You can open the NIC in promiscuous mode; you then have 'bare-metal' access to ethernet and can compose any kind of packets you want to. It might be easier to set up a PPP link across an EIA-232 serial link if you *really* want to play with packets at such a low level.

The best way to understand communication protocols is to investigate several of them: LAPB/X.25, LAPD/ISDN, SS7, ATM, to get a feel for what makes a protocol and how they are put together.

Were it me, I would start with understanding LAPB (layer 2) and how it works. Then I'd move up to X.25 (layer 3) and understand it. They are easier protocols to grok and will give you a feel for layer 2 (point-to-point) protocols and for layer 3 (routed/addressed protocols). No, they aren't TCP/IP, but they are, in many ways, similar, just as X.25 and TCP/IP bear some structural and operational similarities with SS7 (the telecom protocol that would also be worth looking at for its layer2, layer3, layer 4 and higher layer protocol handling.

Then I'd look at the similarities and differences between LAPB (X.25's layer2) and LAPD (ISDN's layer 2). You could even look into LAPDm, GSM's layer2 air interface protocol.
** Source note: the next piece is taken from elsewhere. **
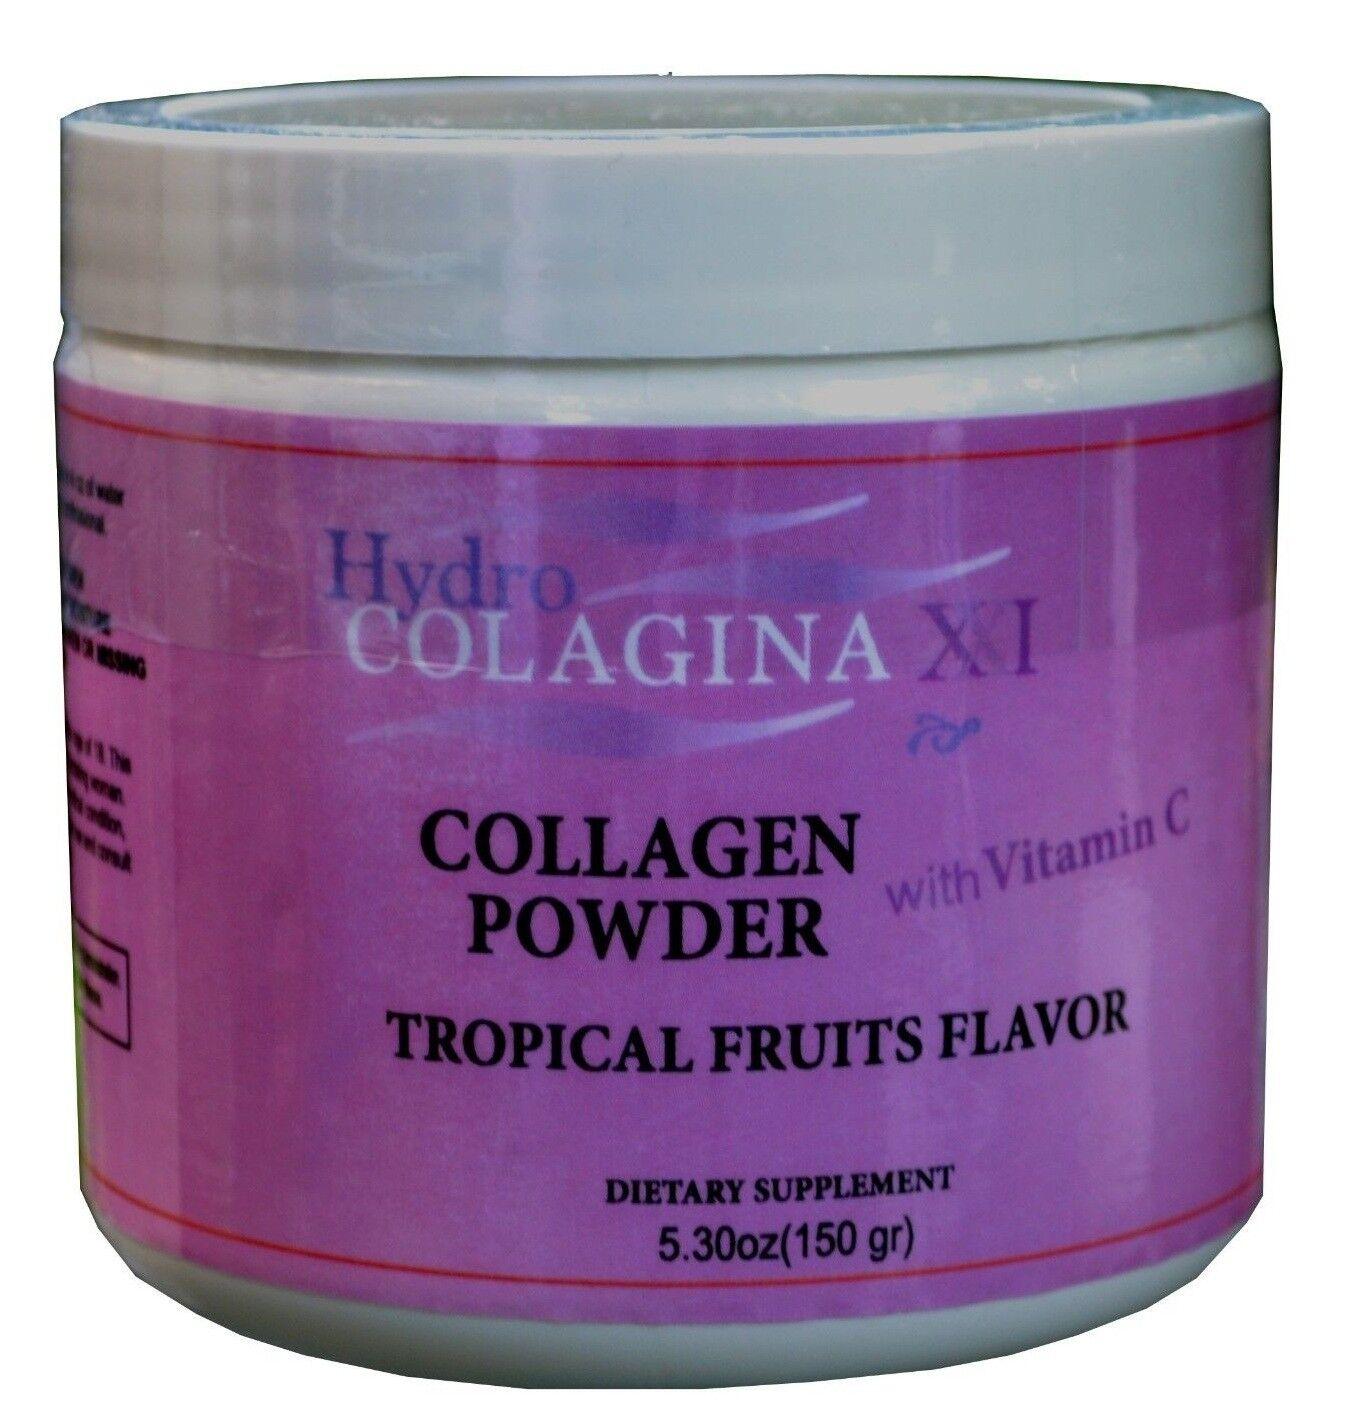 HYDRO COLAGINA XXI hidro collagen powder vitaminC colageina 10 colagina 21

Once you've started to understand those lower protocols, then you can move to ethernet, where you'll find the protocol layers to be kind-of similar, while quite different.

Use tcpdump() or some similar tool to capture and display packets for connection-oriented connectionless streams on a network. Limit the capture to a single stream between two specific computers. Then dissect the captured packets.

Good luck!

Okay, well after reading and re-reading posts on various forums, and then reading and re-reading just about everything else lol I've not only managed to mentally separate the formerly intertwined concepts of sockets and TCP from each other, but also (mostly thanks to a couple informative replies to my questions, for which I'm grateful) a much clearer understanding of protocols in general. ^_^

AND I think I found what I was looking for: raw sockets!

There are likely other methods, and apparently a wealth of protocols, but for now I will focus on using sockets, and then raw sockets. Further, I think I will take your advice F3ster and study some other protocols; I never really learn so much about windows as I did when I was trying to understand Linux.

That said, I suppose I should mark this thread as resolved? Yes.